The draft guidance contemplates the issuance of a public warning through a press release or a press release distribution service, but leaves open the possibility that other “vehicles of dissemination” may best convey information for particular recalls. It is unclear if such vehicles would include social media, emails, text alerts or other actions intended to inform consumers. FDA emphasizes that responsible firms must make earnest efforts to ensure recall information is actually distributed on a national or regional basis, as appropriate, and in multiple languages if necessary.

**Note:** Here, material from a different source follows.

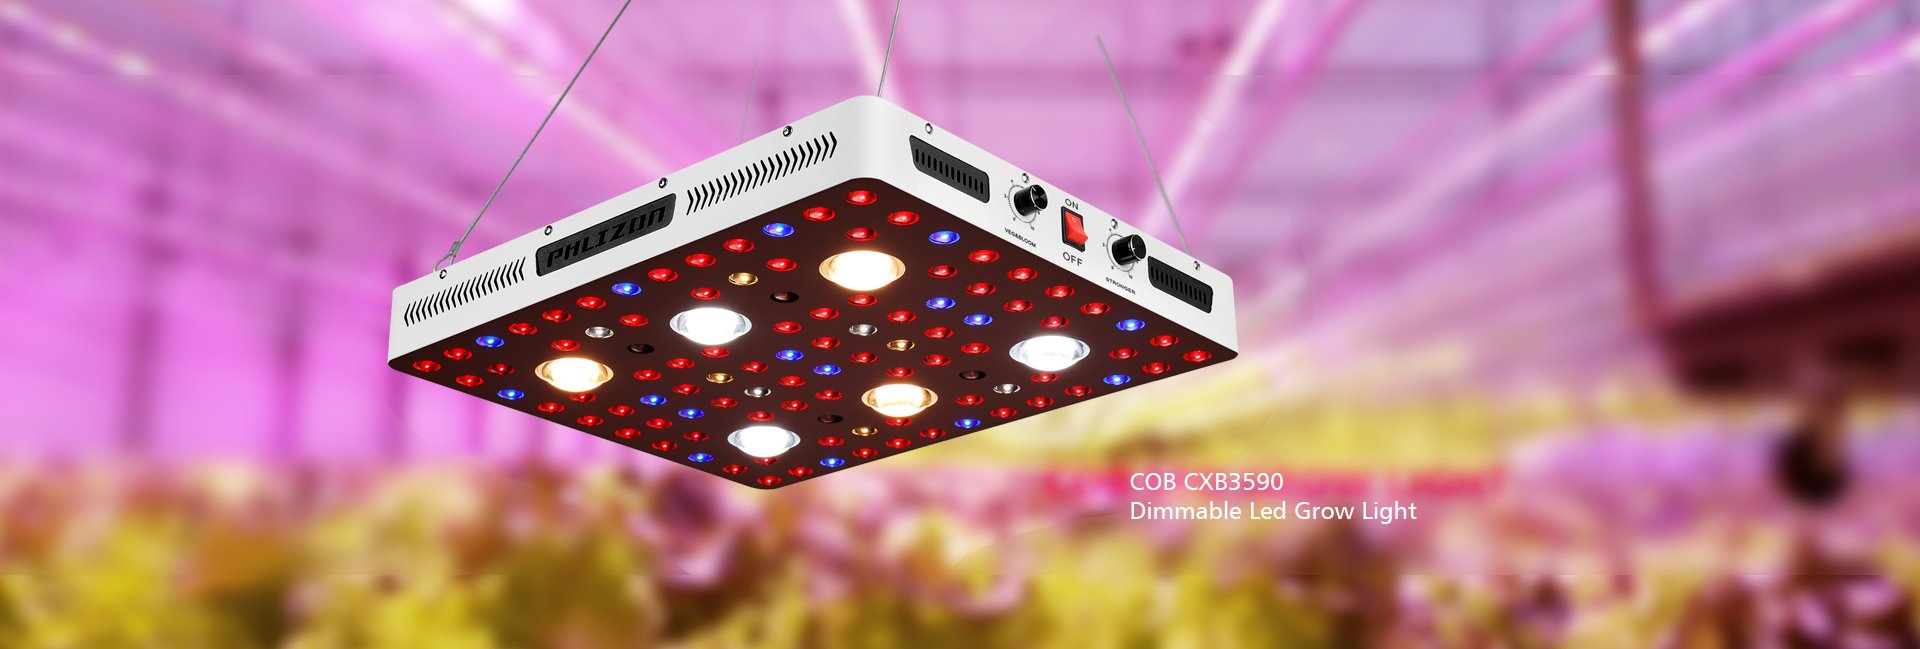 COB CXB3590 LED Plant Light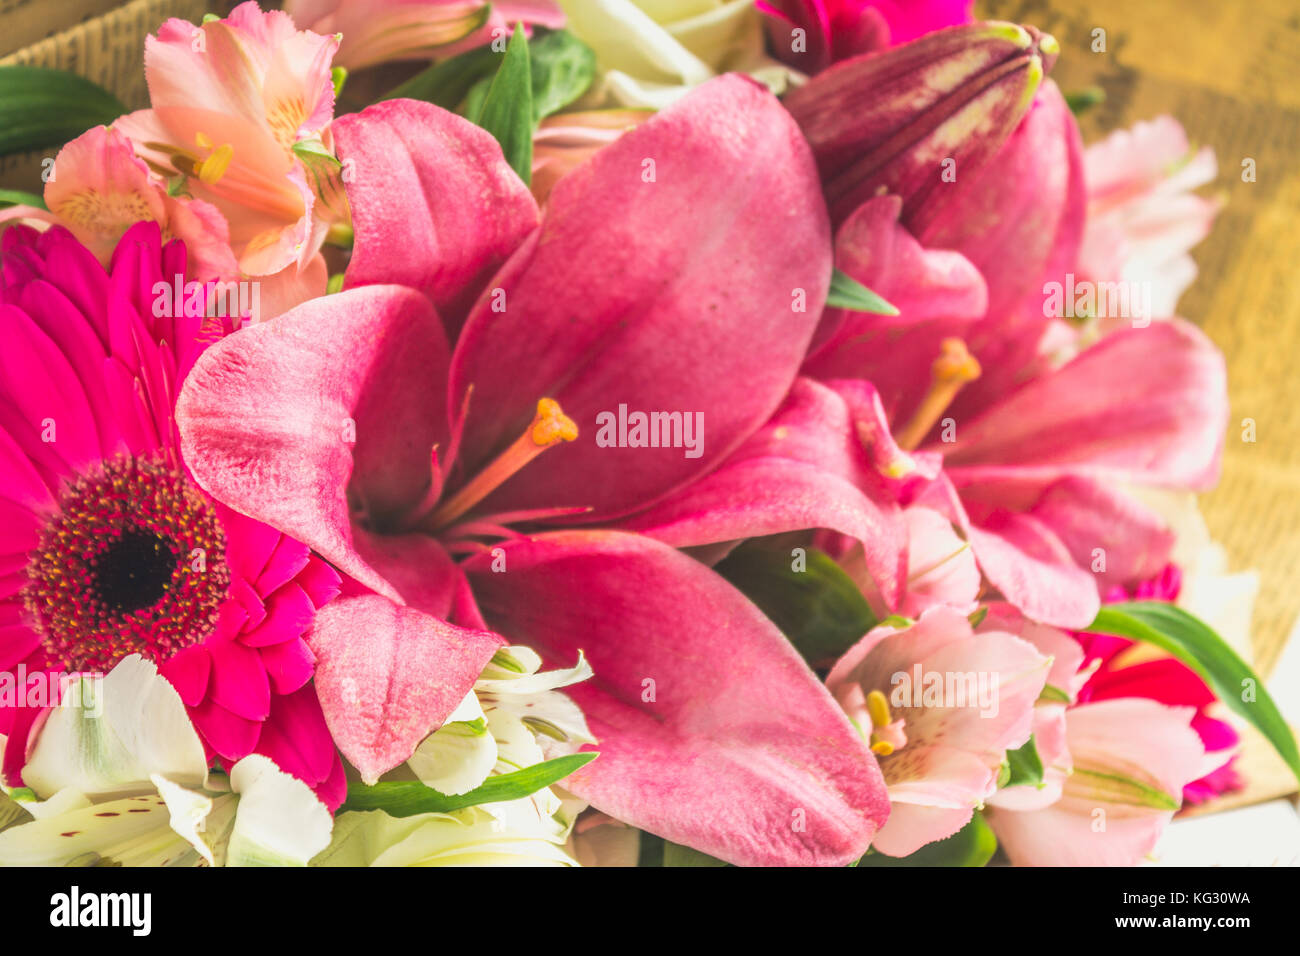 Ein Blumenstrauß aus Lilien, Gerbera, weiße Rosen und alstroemeria auf  einem weißen Holztisch. Ein Urlaub, ein Geschenk Stockfotografie - Alamy

FDA also announced that it will now include in in its weekly Enforcement Report recalls that the agency has not yet classified as Class I, II or III (use or exposure is not likely to cause adverse health consequences). The Enforcement Report provides a public listing of products subject to a recall. Unlike with public warnings, the Enforcement Report does not limit reported incidents to urgent situations that present serious hazards to health. FDA includes recalls for FDA-regulated alcohol beverages (e.g., wines less than 7 percent alcohol by volume, most “hard seltzers”) in the Enforcement Report, whether the recall requires a public warning or not. For example, the Enforcement Report has included recalls of hard apple cider because the bottles may explode. The Enforcement Report will note that a recall is not yet classified or list the recalls as Class I, II or III, depending on the severity of the health hazard posed by the recalled product. The Enforcement Report makes available to the public information about each recall, including product descriptions, the reason for the recall and the specific actions that the recalling company is pursuing. Notably, FDA is not required to provide a firm with an opportunity to review or comment on the information the agency includes in its Enforcement Report.
Additionally, FDA Commissioner Scott Gottlieb announced that the agency is planning a “new approach to the release of recall information this year,” but did not provide further details. Dr. Gottlieb has indicated that FDA is examining in what situations FDA can help consumers get information about the stores and food service locations that may have sold or distributed a potentially unsafe, recalled food and what company may have supplied the product. If FDA can disclose this information, FDA believes consumers would have an easier time knowing if they might have, or have been, exposed to a recalled product that could cause potential risks if consumed.